# BERTopic

BERTopic uses BERT embeddings and clustering algorithms to discover topics. Topics are characterised by dense clusters of semantically similar embeddings, identified through dimensionality reduction and clustering. 

Rather than a model, BERTopic is a framework that contains a handful of sub-models, each providing a necessary step in topic representation. These are:
* **Embeddings.** This stage represents our text data as a numeric vector to capture sematic meaning and context. This is a core advantage of BERTopic compared to traditional methods such as LDA.
* **Dimensionality reduction.** We then take the above embeddings vector and compresses its size to aid computational performance.
* **Clustering.** We then cluster our reduced dimension embeddings via unsupervised methods. This essentially extracts our topics.
* **TF-IDF.** 'Term Frequency - Inverse Document Frequency' is the approach taken to extract key words and phrases to represent our topic representations. The TF-IDF approach favours frequent terms but also terms that are unique across our wider text corpus.

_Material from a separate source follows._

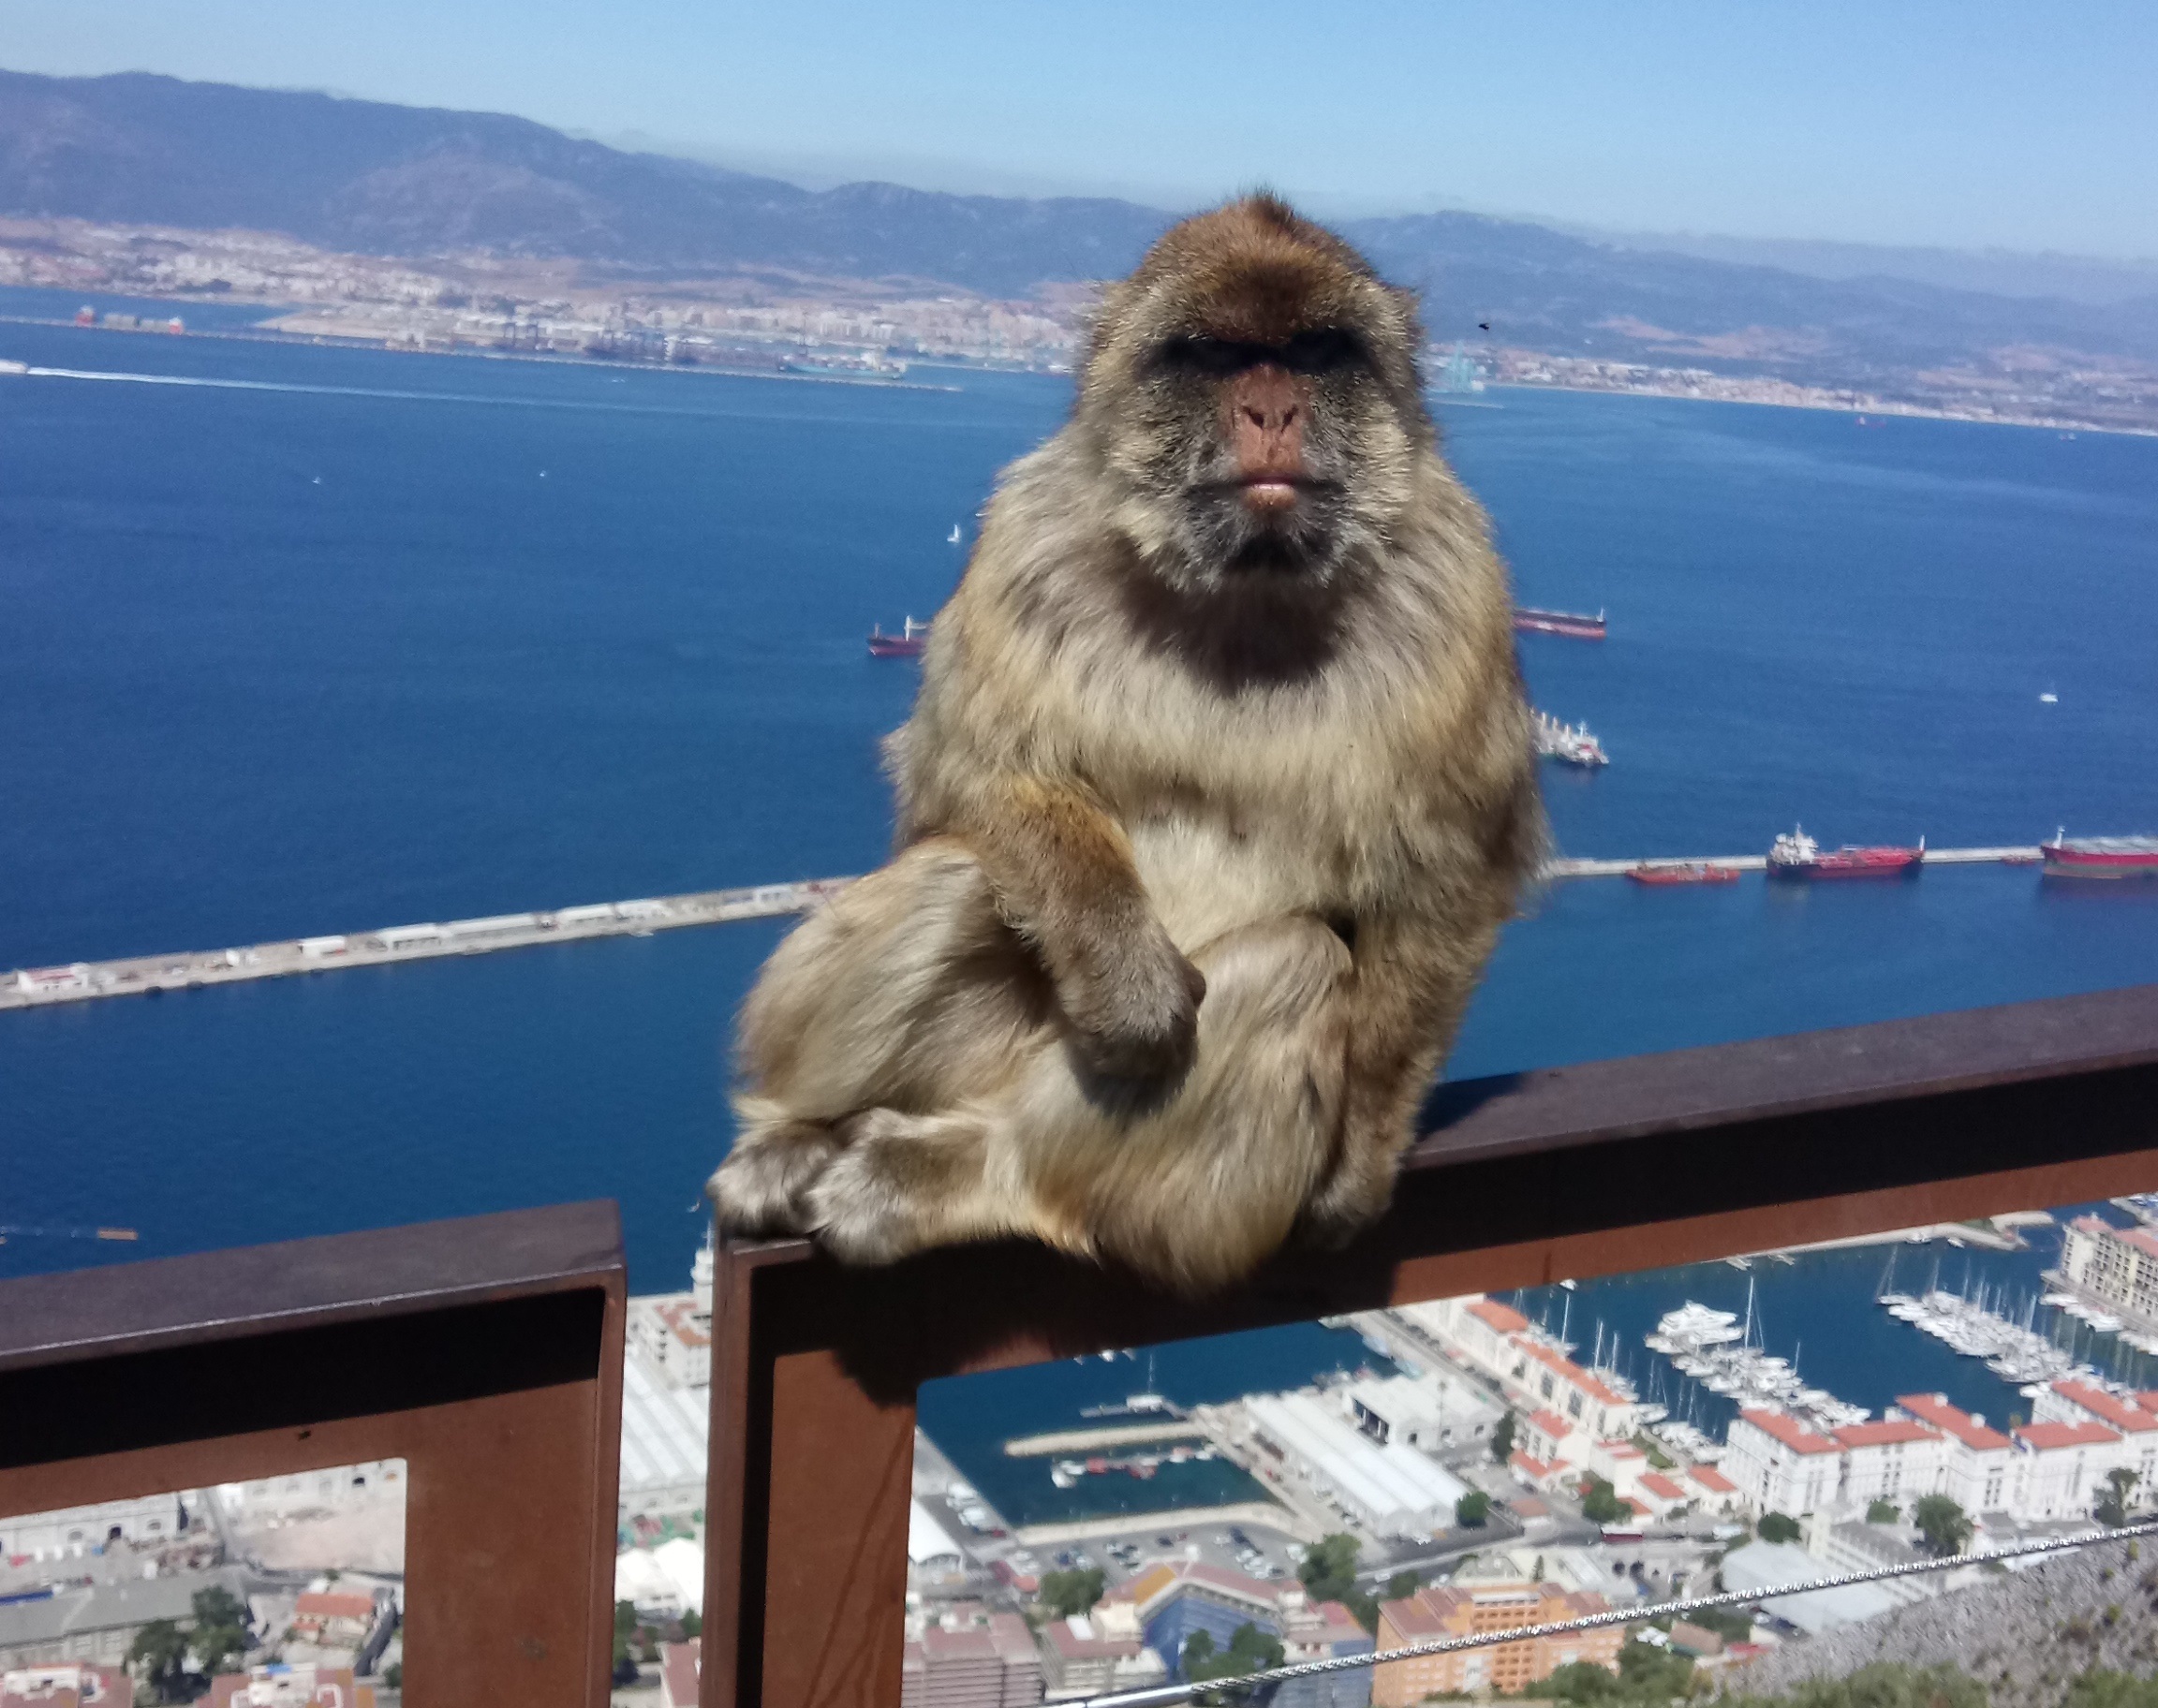 Hoe kun je ondanks de toeristische drukte authentieke ervaringen van Gibraltar opdoen?

In BERTopic's modular design, each 'module' is independent, meaning that the specific algorithmic approach can be changed for any component, and the remaining steps will be compatible. 

Although not originally supported, v0.13 (January 2023) also allows us to approximate a probabilistic topic distribution for each report via '.approximate_distribution'.

First, we need to read in our cleaned data.

<br>


In [1]:
import pandas as pd
import numpy as np

# Read report data
data = pd.read_csv('../Data/cleaned.csv')

# Extract CleanContent column
reports = data['CleanContent']

## 1. Embeddings

### Sentence splitter
Before embedding our text, it's useful to first split our reports into sentences. BERTopic generally performs poorly on larger documents, as this tends to result in noisy topics. 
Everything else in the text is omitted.